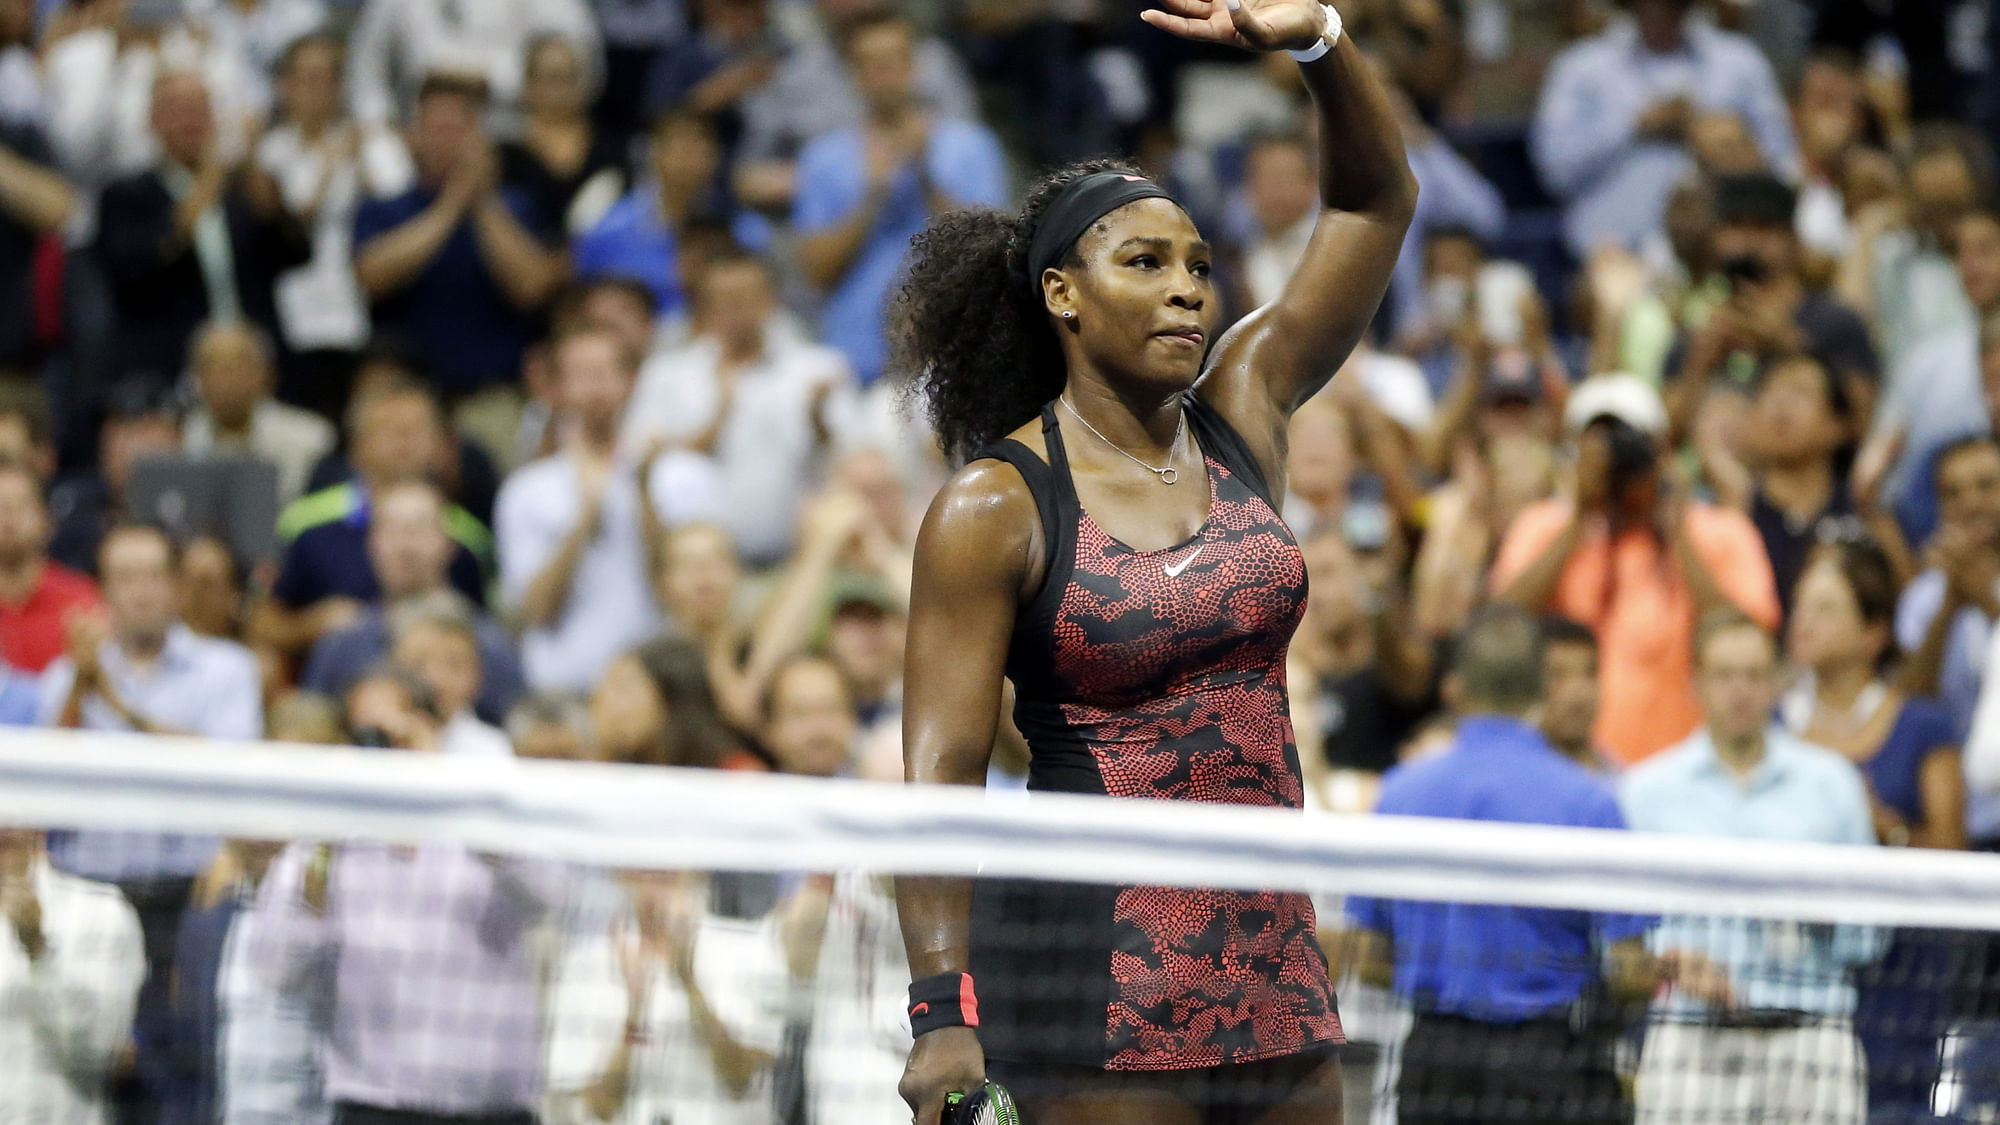 Serena Williams waves to the crowd after beating her sister Venus in the quarter-final of the US Open on Tuesday. (Photo: AP)
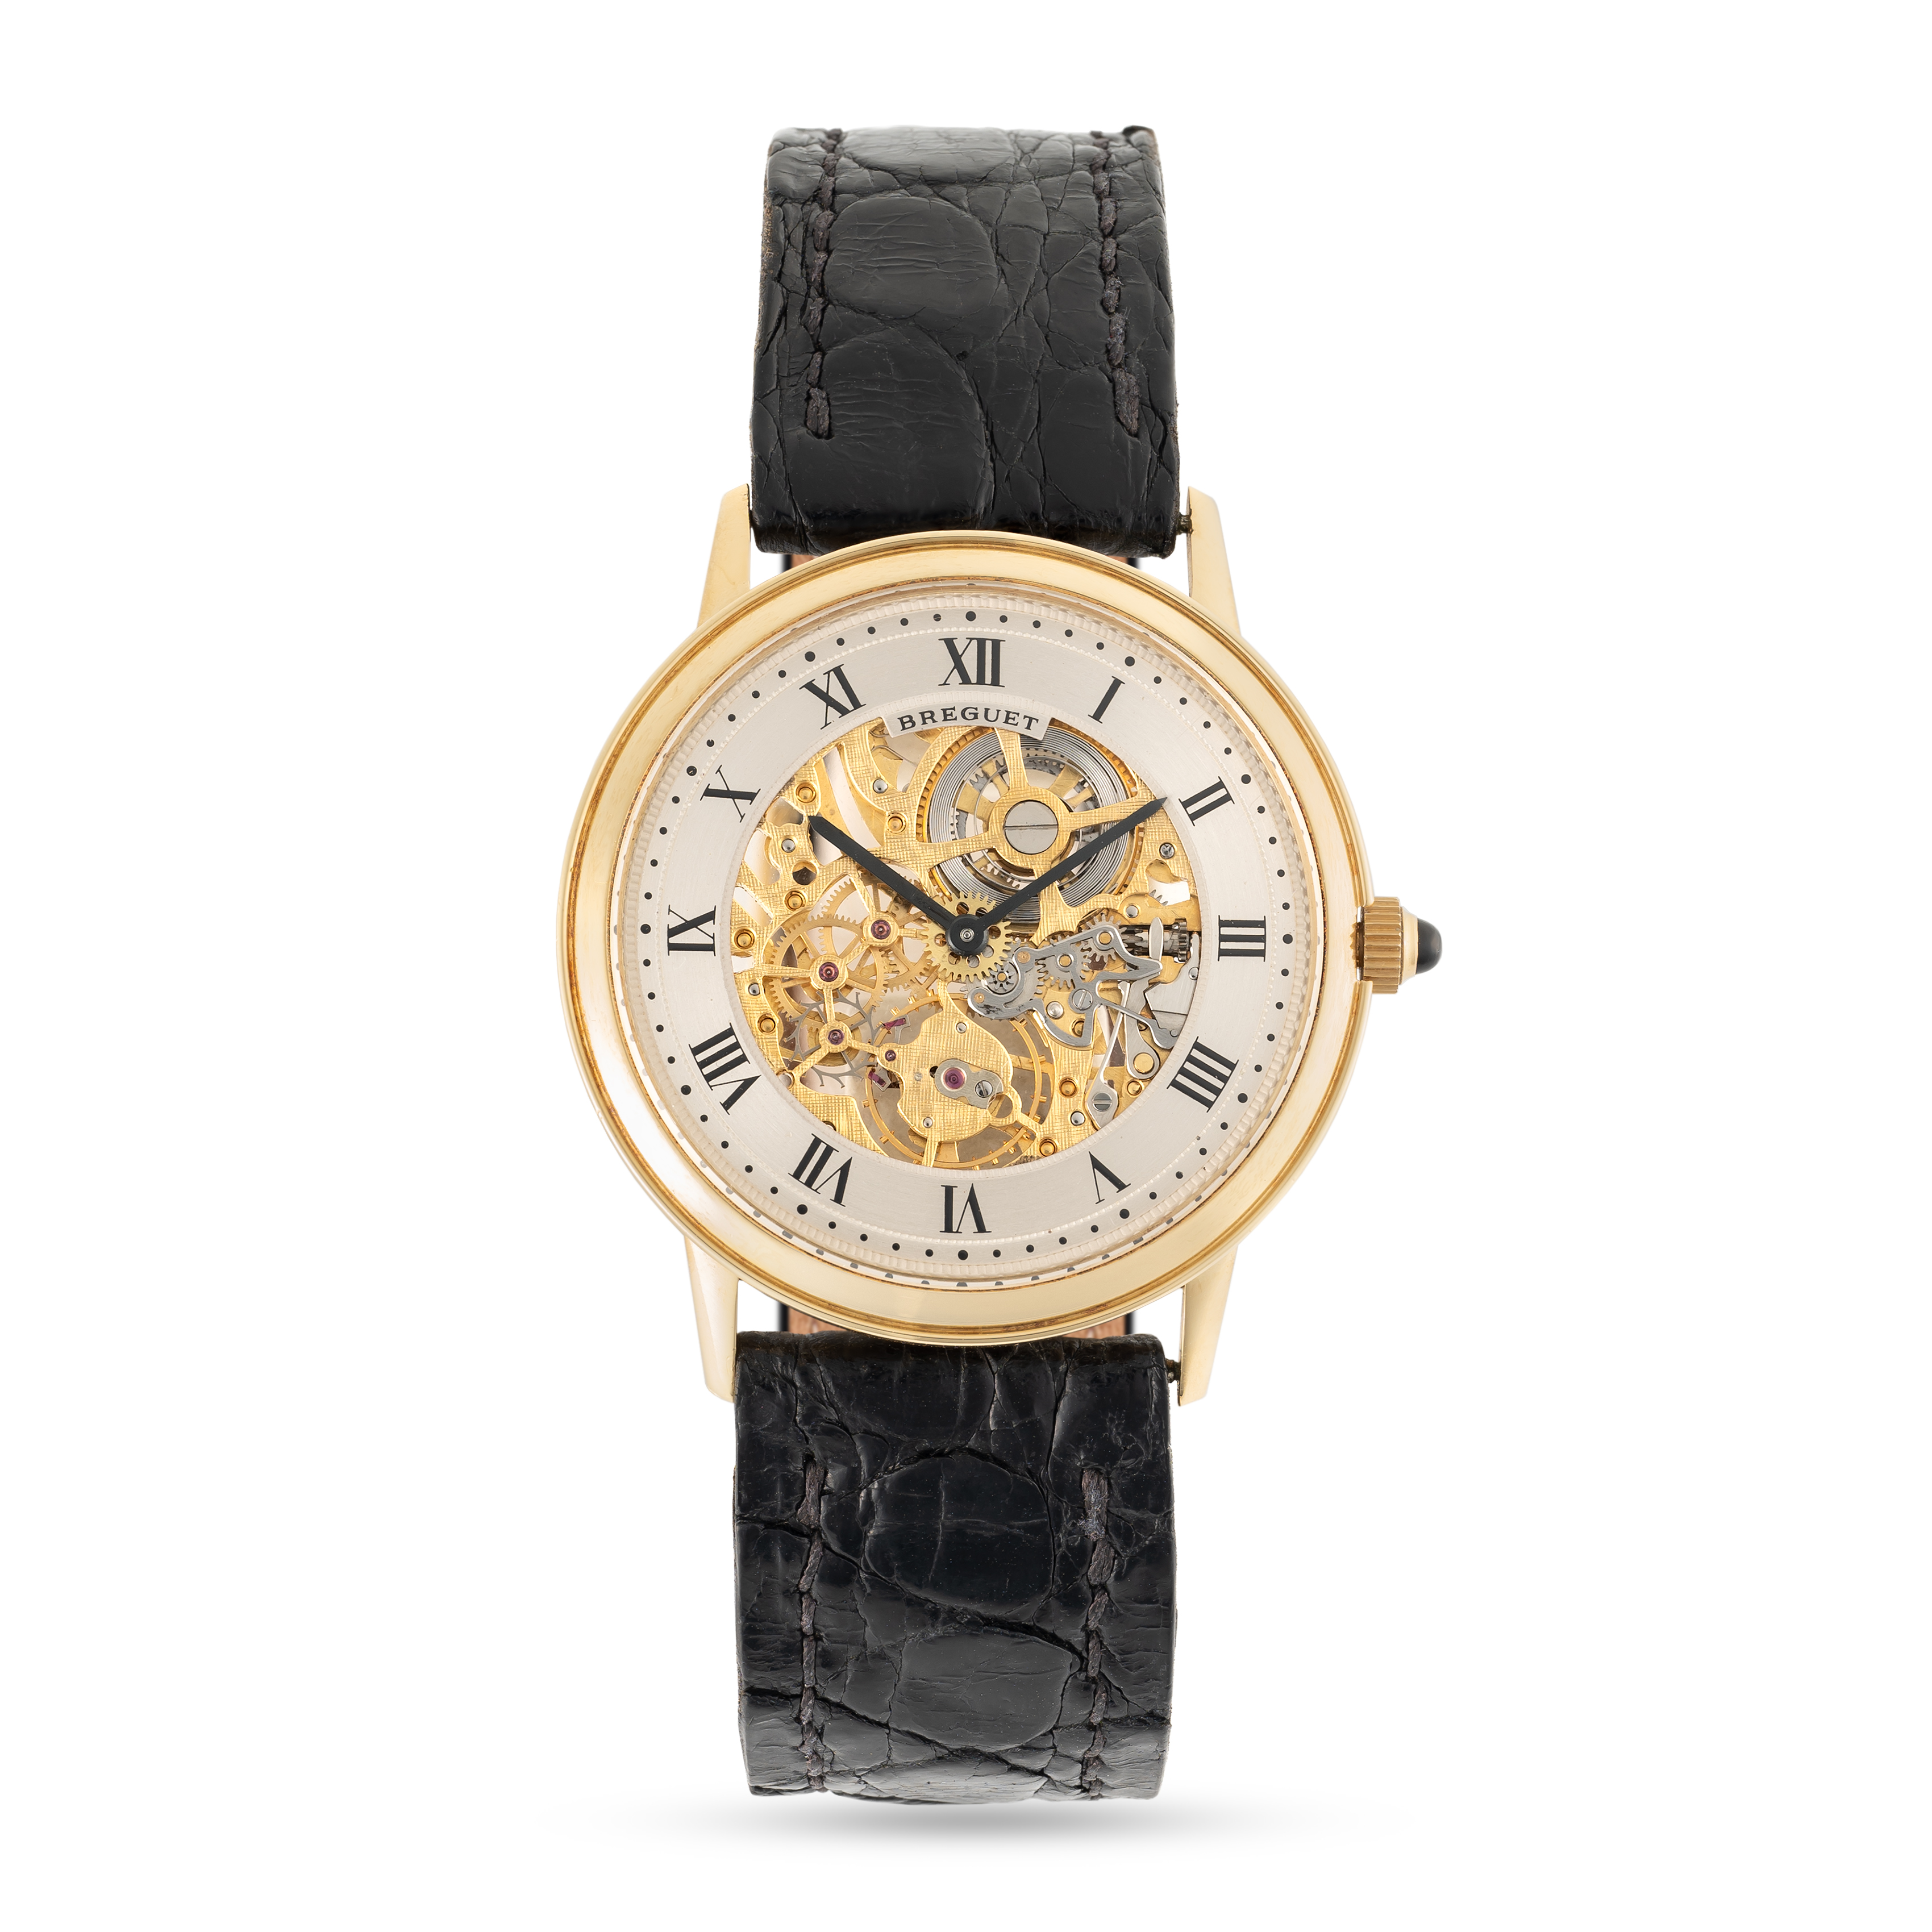 A VERY RARE GENTLEMAN'S SIZE 18K SOLID GOLD BREGUET CLASSIQUE EXTRA PLAT SKELETONISED WRIST WATCH - Image 2 of 9
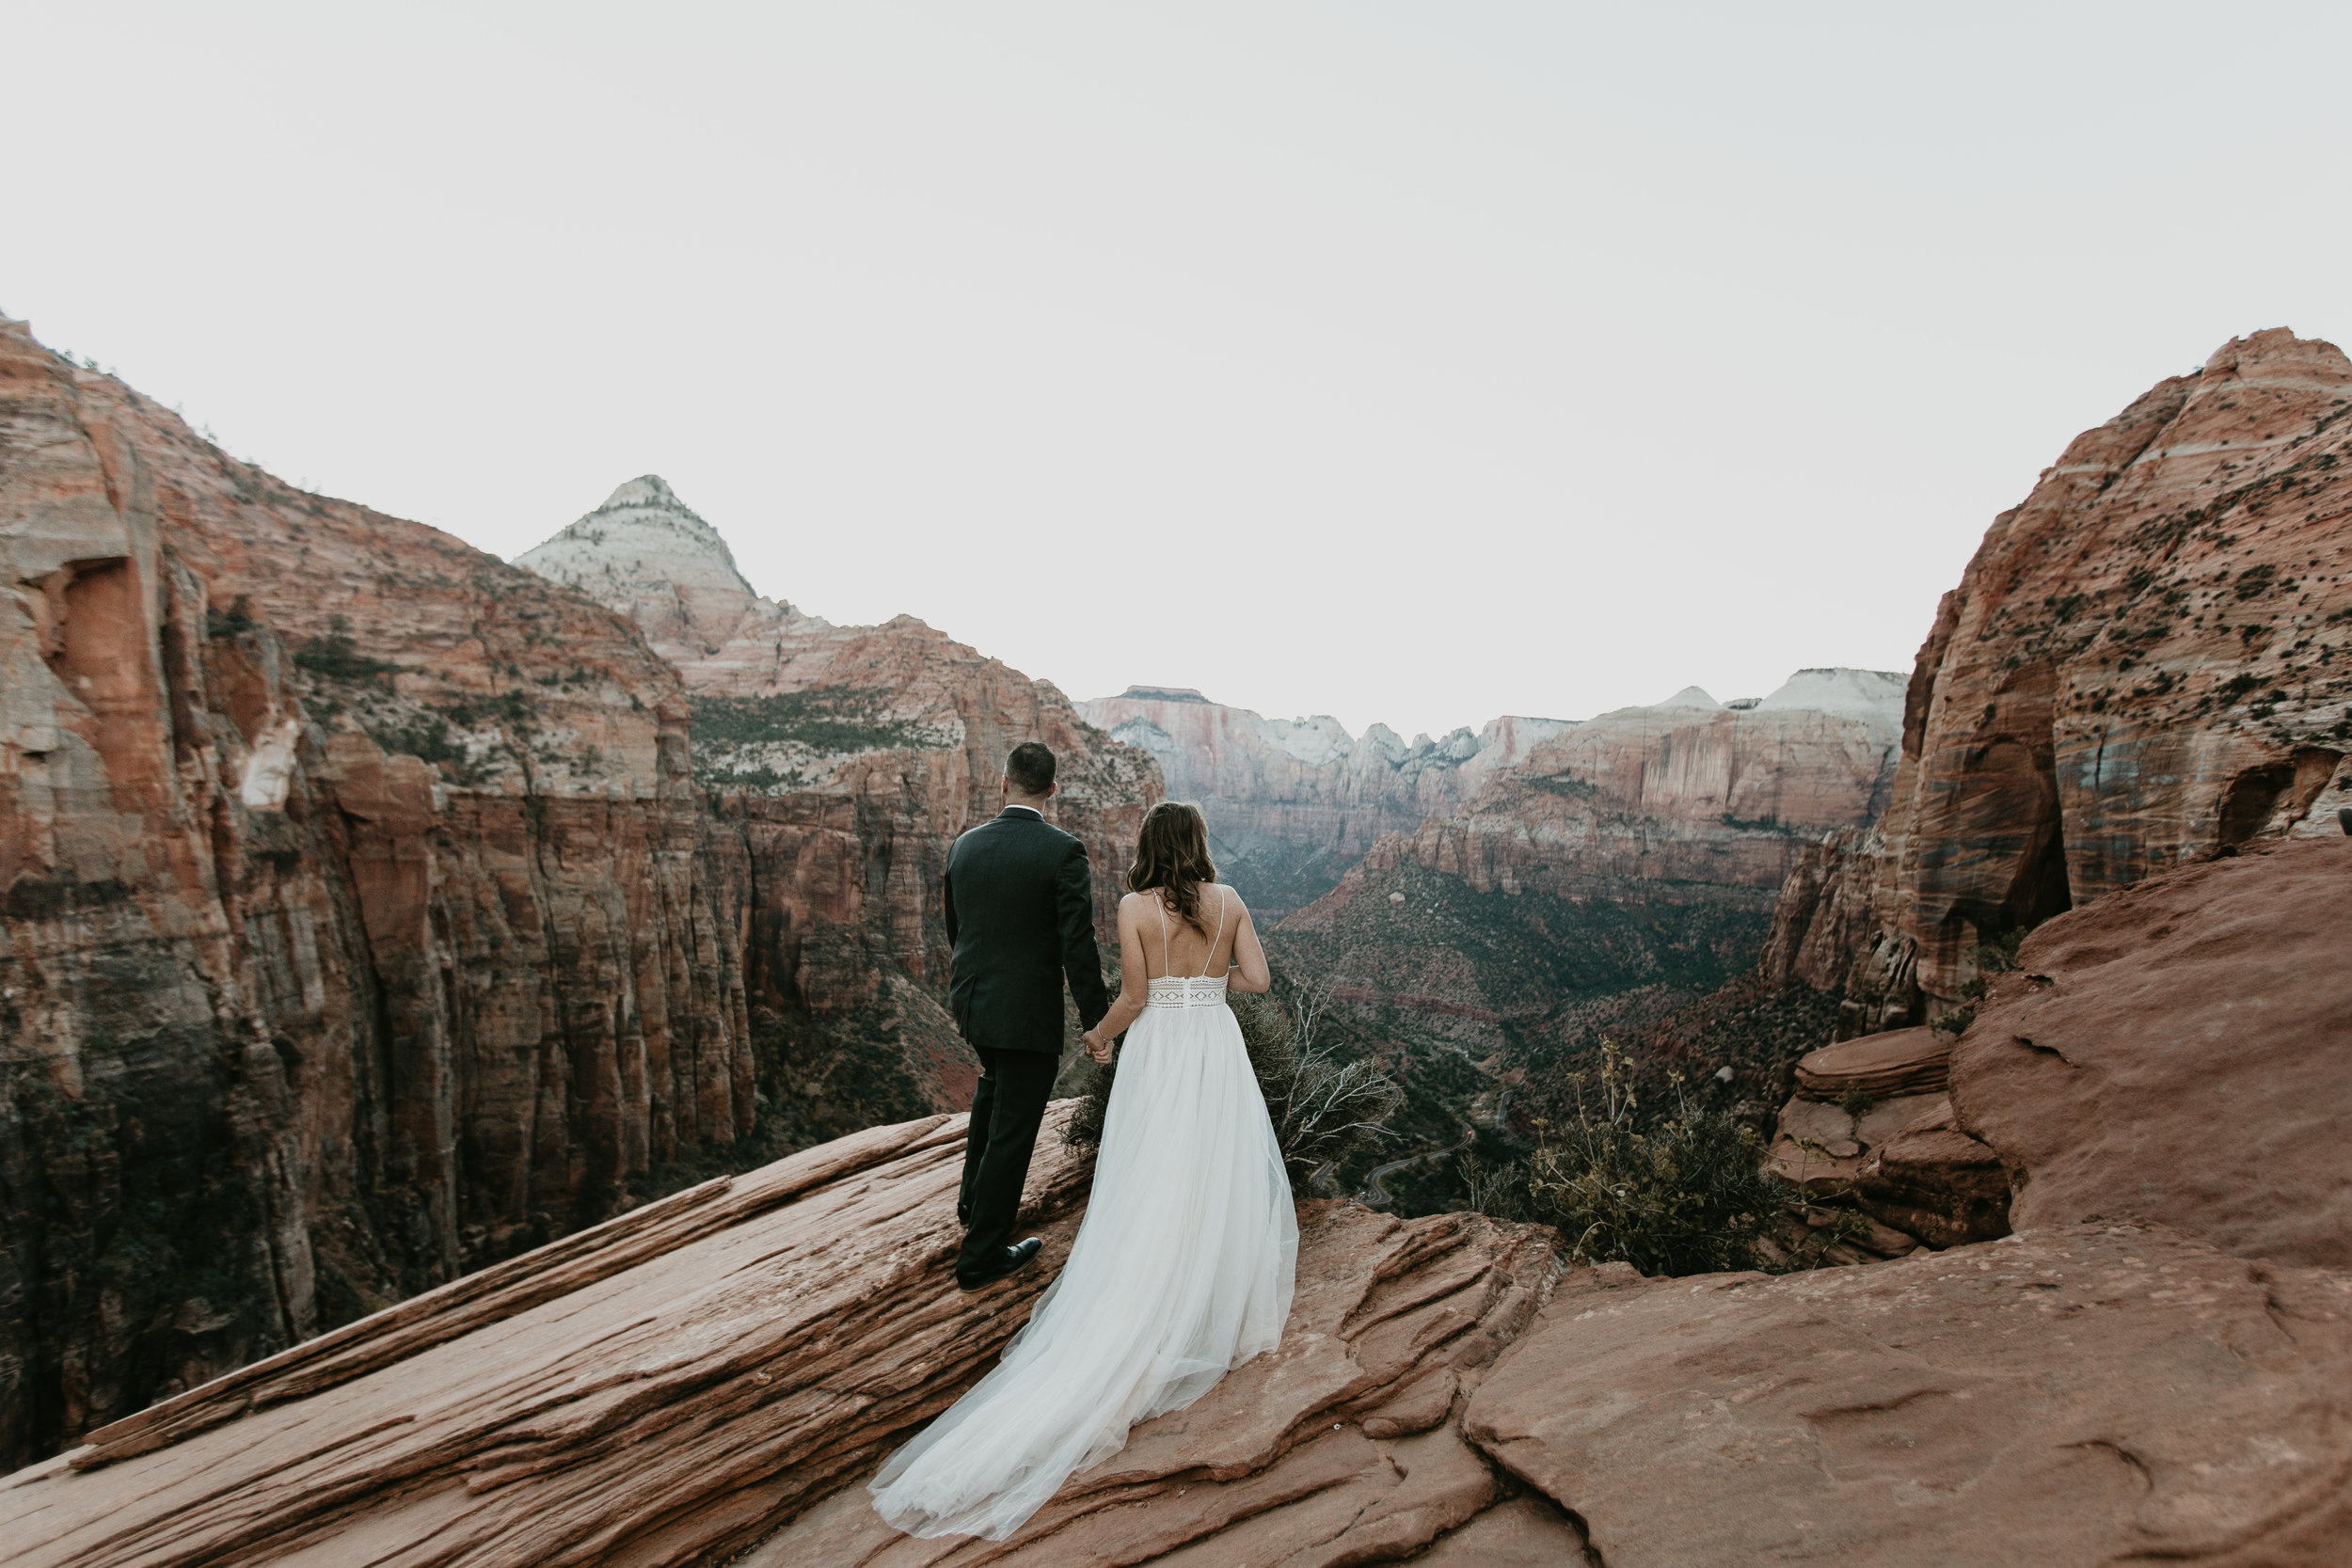 nicole-daacke-photography-zion-national-park-elopement-photographer-canyon-overlook-trail-elope-hiking-adventure-wedding-photos-fall-utah-red-rock-canyon-stgeorge-eloping-photographer-77.jpg

__Task requirements__:
Beginning at the line containing "A VERY RARE", restate every line through the end of the material above exactly; omit the pictures.

__Answer space__:
 A VERY RARE GENTLEMAN'S SIZE 18K SOLID GOLD BREGUET CLASSIQUE EXTRA PLAT SKELETONISED WRIST WATCH - Image 2 of 9
 nicole-daacke-photography-zion-national-park-elopement-photographer-canyon-overlook-trail-elope-hiking-adventure-wedding-photos-fall-utah-red-rock-canyon-stgeorge-eloping-photographer-77.jpg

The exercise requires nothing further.